German media roundup: Alert but not hysterical

Interior Minister Thomas de Maizière has warned of imminent terrorist attacks in Germany. His task was delicate, but newspapers in The Local’s media roundup on Thursday praised his approach, saying he had calmly informed citizens without inciting hysteria.

German media roundup: Alert but not hysterical
Photo: DPA

On Wednesday, the Interior Minister solemnly cited information from “foreign partners,” stating that terrorist attacks had been planned for late November, and described a “new situation” regarding the Islamist threat towards the nation.

The minister also encouraged Germans to go about their lives without worrying, explaining that federal police had been put on alert and heightened security was in place at transportation hubs.

Conservative daily Die Welt complimented de Maizière’s reassuring conduct, which it said balanced the seriousness of the threat with the need to avoid panic. It was the very refusal to resort to hysteria that was the great strength of a democracy, the paper wrote.

“The west (to Islamists) is molly-coddled, cowardly and unwilling to fight. Better red – or whatever else – than dead. It is among the strongest features of our civilisation that this is not true,” the paper wrote.

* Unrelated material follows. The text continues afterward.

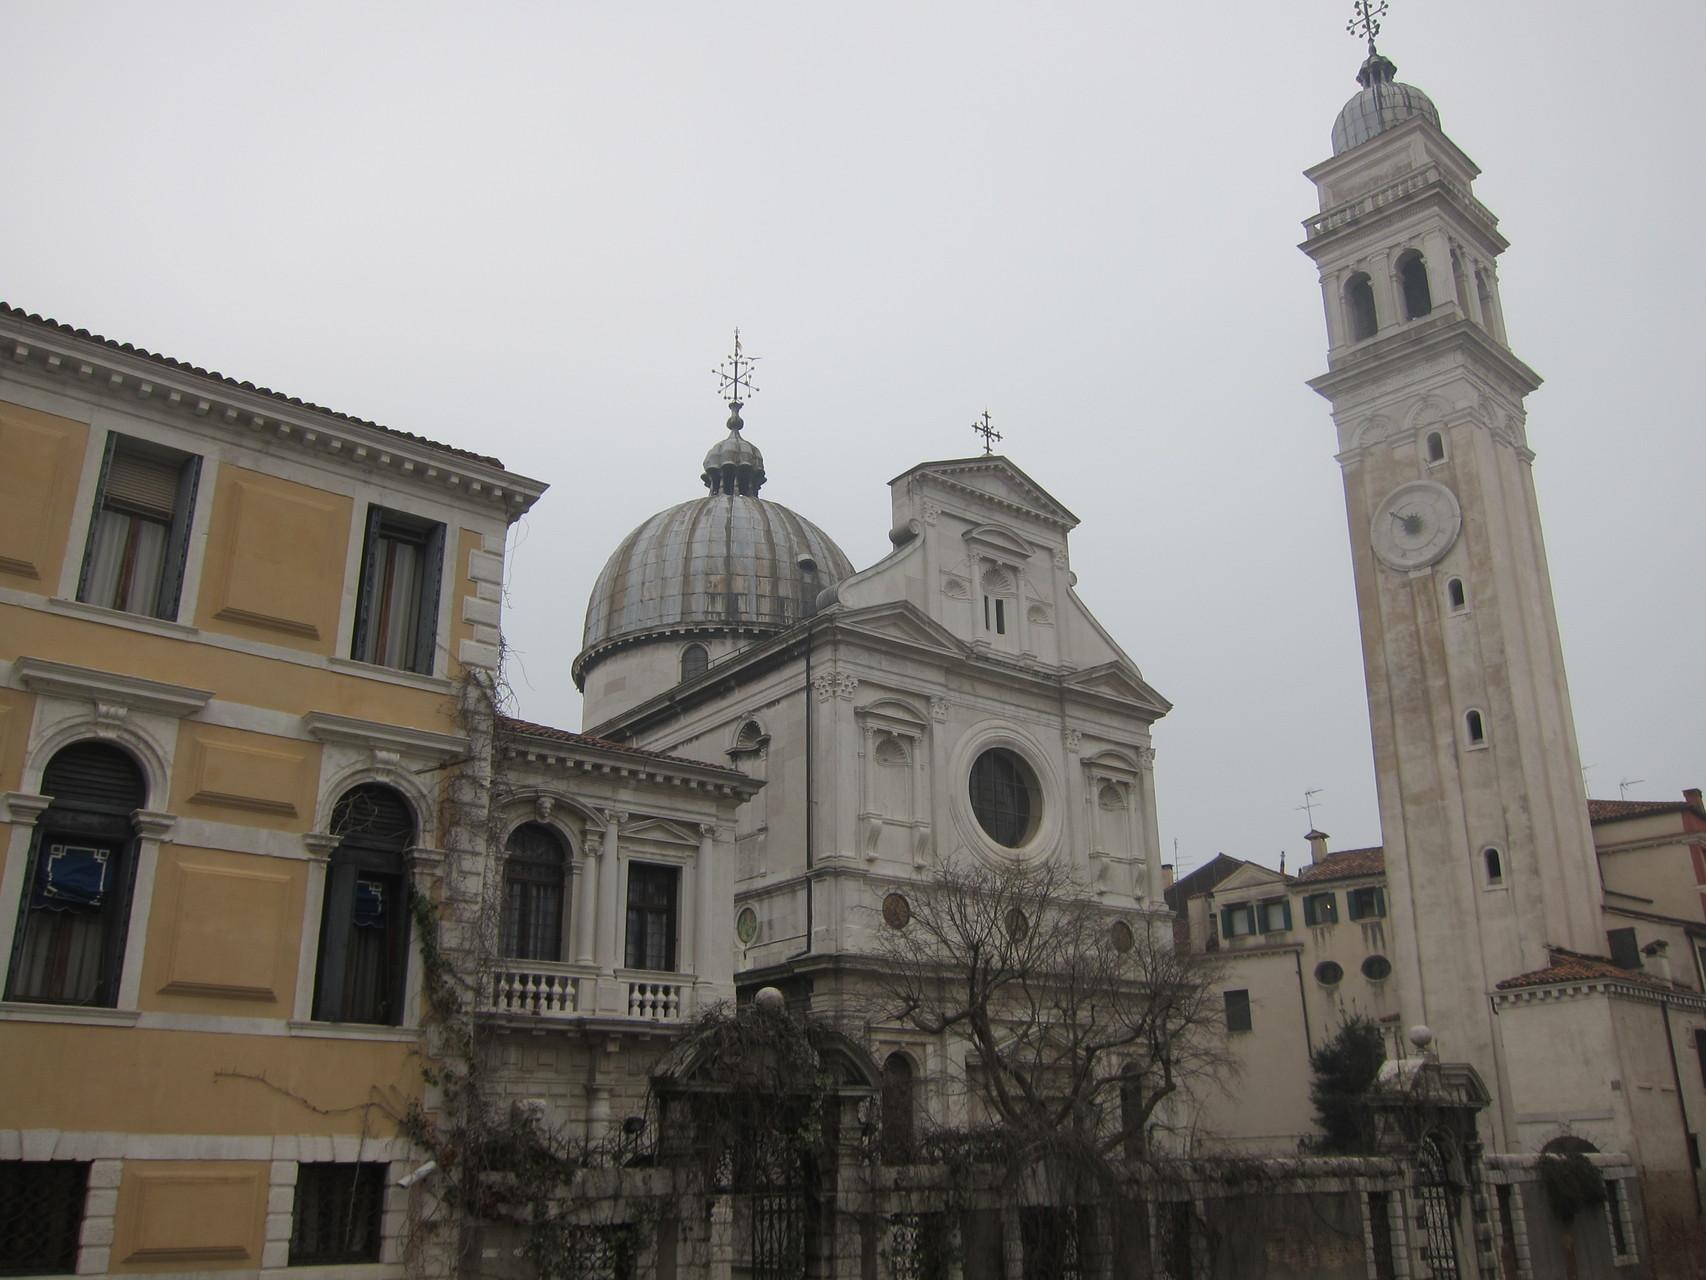 これはギリシャ正教の教会です。

On the contrary, the west had come through crisis after crisis with its values and its constitutions intact, the paper argued – whether it was the blitz in London or September 11 in the United States.

“There are situations in which calm is actually a civic duty and has nothing to do with apathy. It is not a sign of carelessness but of strength if life goes on as normal in dangerous situations. In a democracy, heroism and the most normal daily routine go hand in hand.”

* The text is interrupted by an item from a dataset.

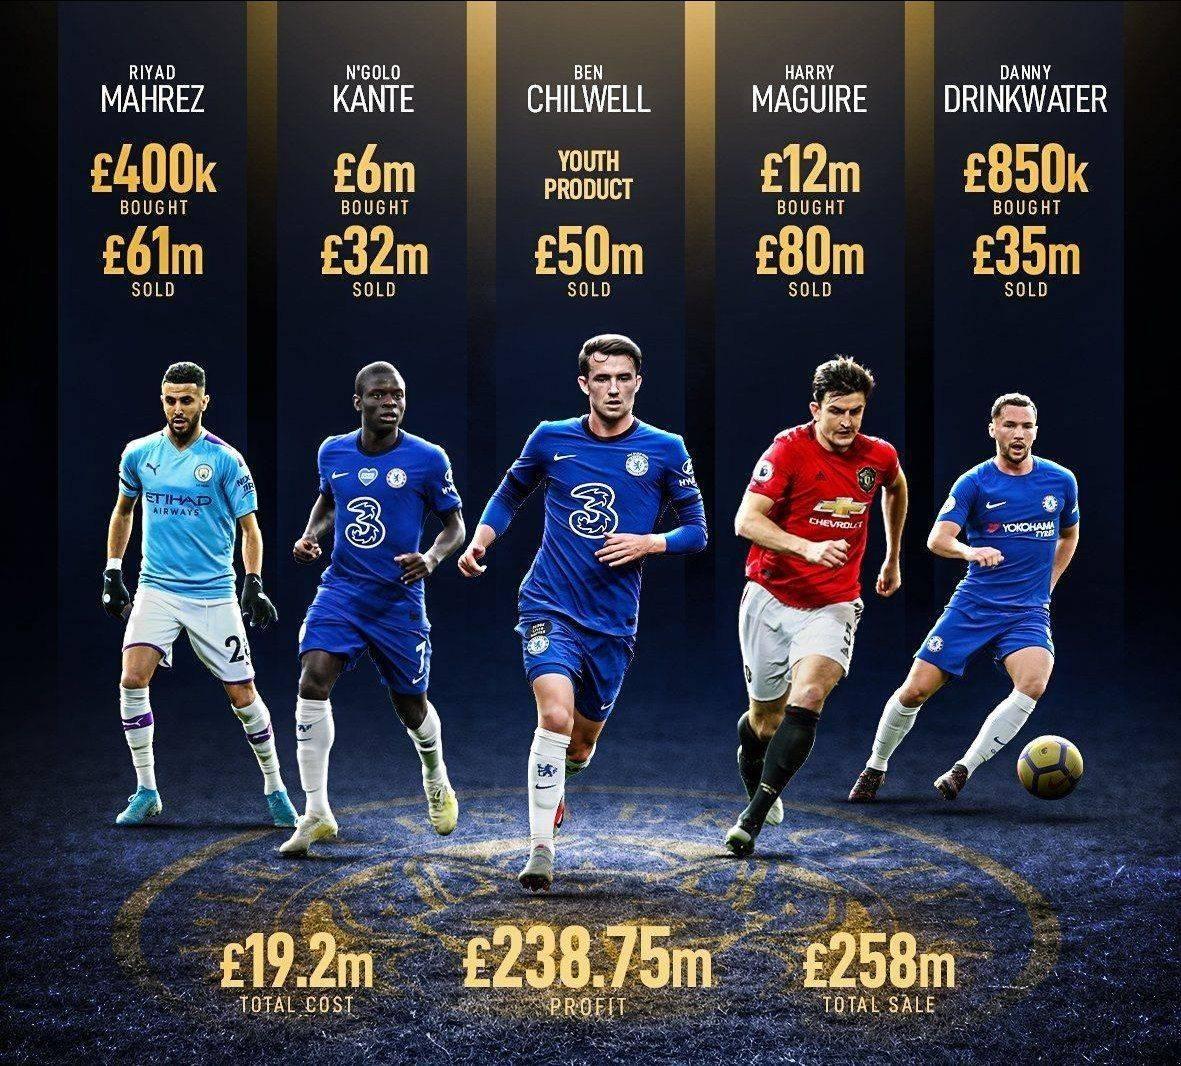 Những ngôi sao như Mahrez, Kante, Chilwell, Maguire, Drinkwater mang lại cho Leicester khoản lợi nhuận 366,6 triệu USD.

Centre-left daily Süddeutsche Zeitung wrote that unlike his predecessors, de Maizière has been no “Federal Fearmongering Minister.”

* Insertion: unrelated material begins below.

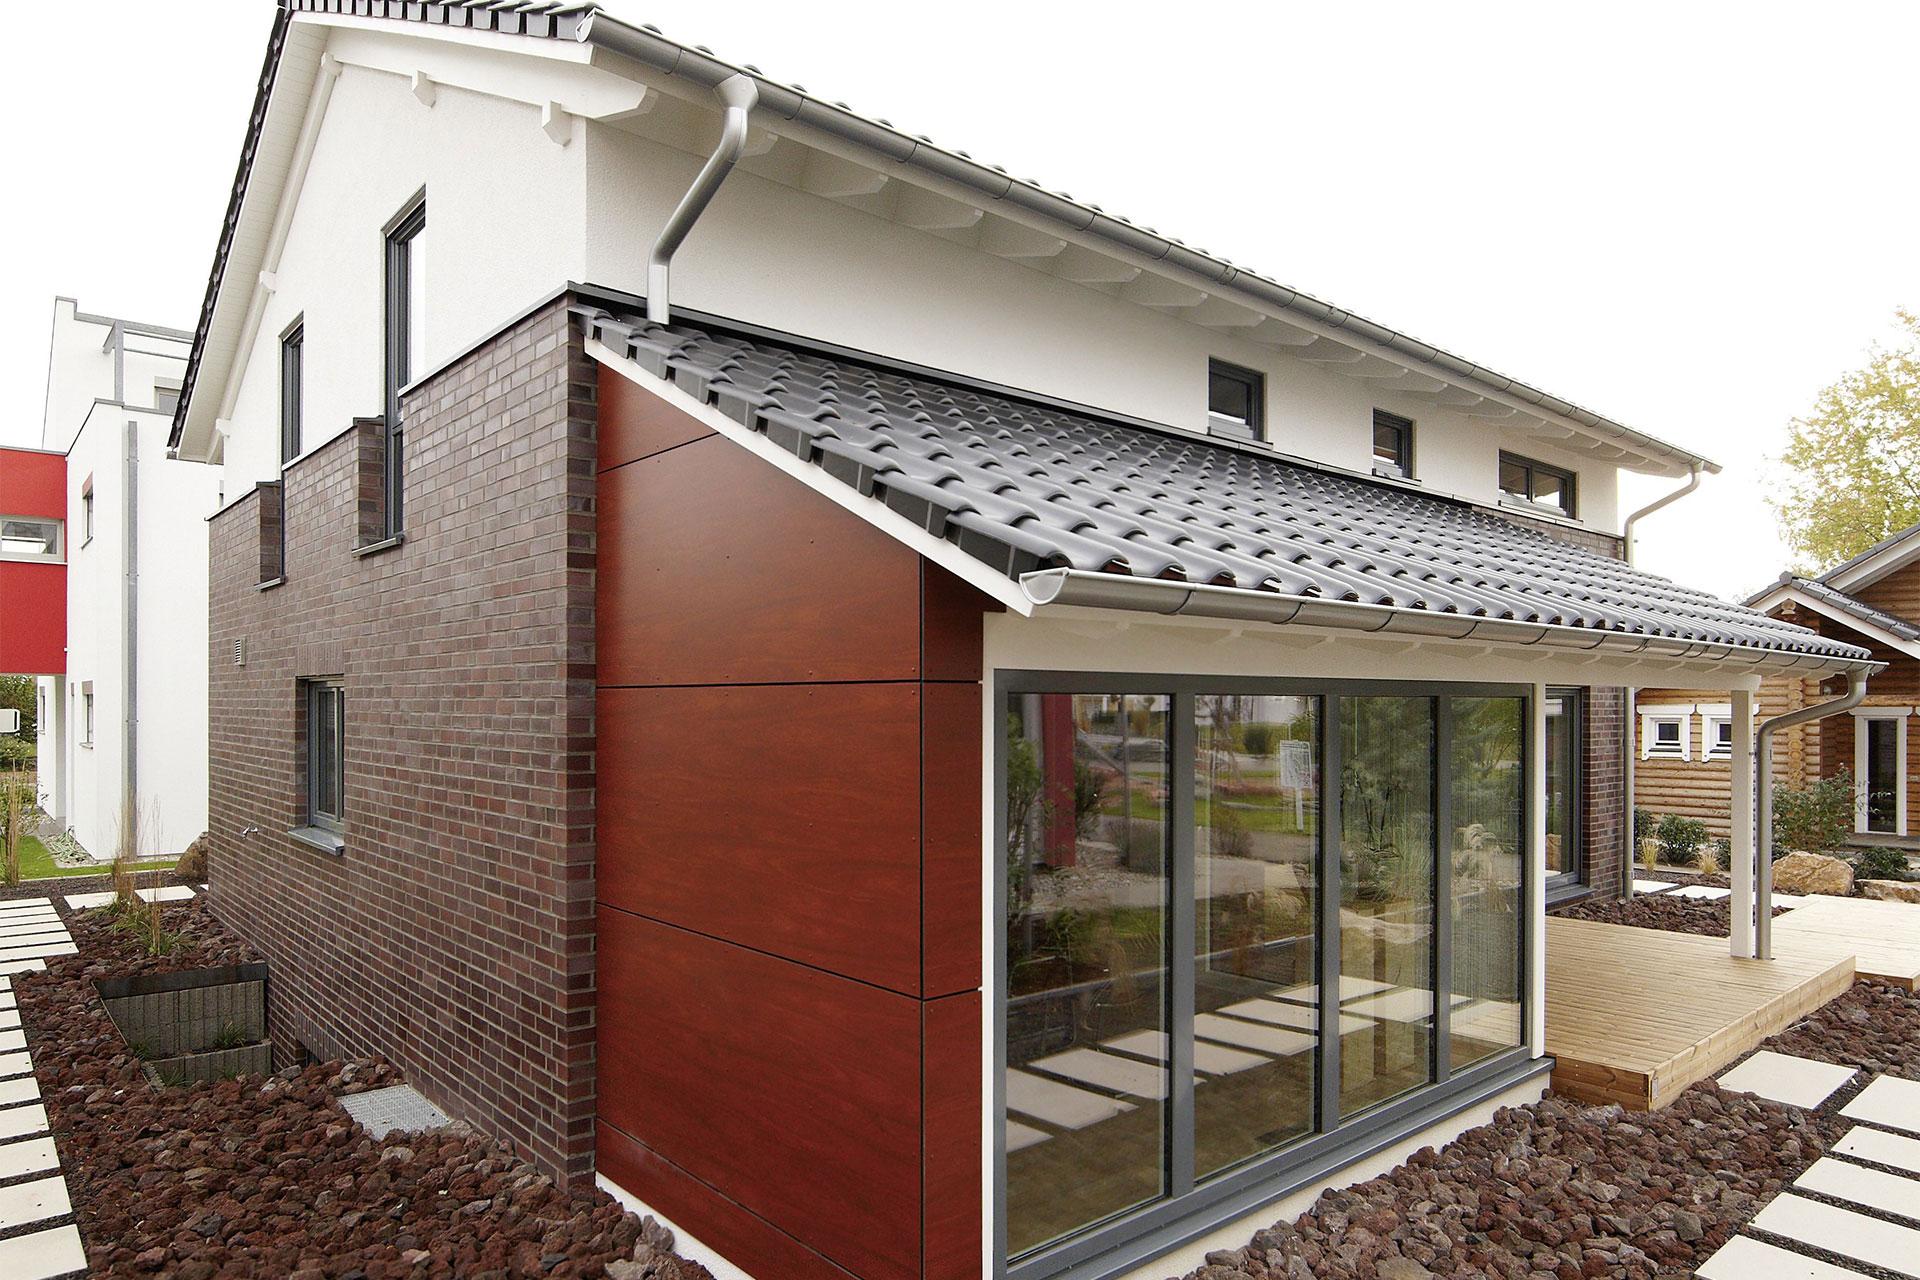 Musterhaus mila mannheim ein fertighaus von gussek haus for Musterhaus flachdach

“For this reason his warning of an impending attack is so effective,” the paper said.

The threat of terrorism presents a Catch-22 for government leaders, who face criticism if they have failed to warn citizens in the event of an attack, or accusations of fearmongering when they do issue a warning. Given the situation, de Maizière’s approach was correct, “and there is no better answer,” the paper said.

It was appropriate for the minister to advise against hysteria and worry, because the danger of actually being the victim of a terrorist attack is smaller than any other security risk in Germany, the paper explained.

But the state must show strength as well as restraint, it said.

“Interior security requires internal strength and unbreakable trust in the basic rights of the constitution – even in times of terrorism. As long as an interior minister can rely on this, then interior security in Germany isn’t in a bad position,” the paper wrote.

Centrist daily Der Tagesspiegel also referred to the challenge that confronts politicians in times of terror, but said citizens are responsible for ensuring their rights are not infringed.

“There is no escape from this dilemma,” the paper wrote. “In the area of security (de Maizière) can’t win despite clever measures, because there is no thanks for the unhindered continuation of normality.”

Meanwhile the average citizen’s abstract understanding of the danger posed by terroristm rarely correlates with everyday experience, it said.

“Here a few more police officers, there more fundamental security checks at the airport. And the only, often unsatisfying measure, of whether this is necessary is the word of a minister. We must trust him because we can’t know any better.”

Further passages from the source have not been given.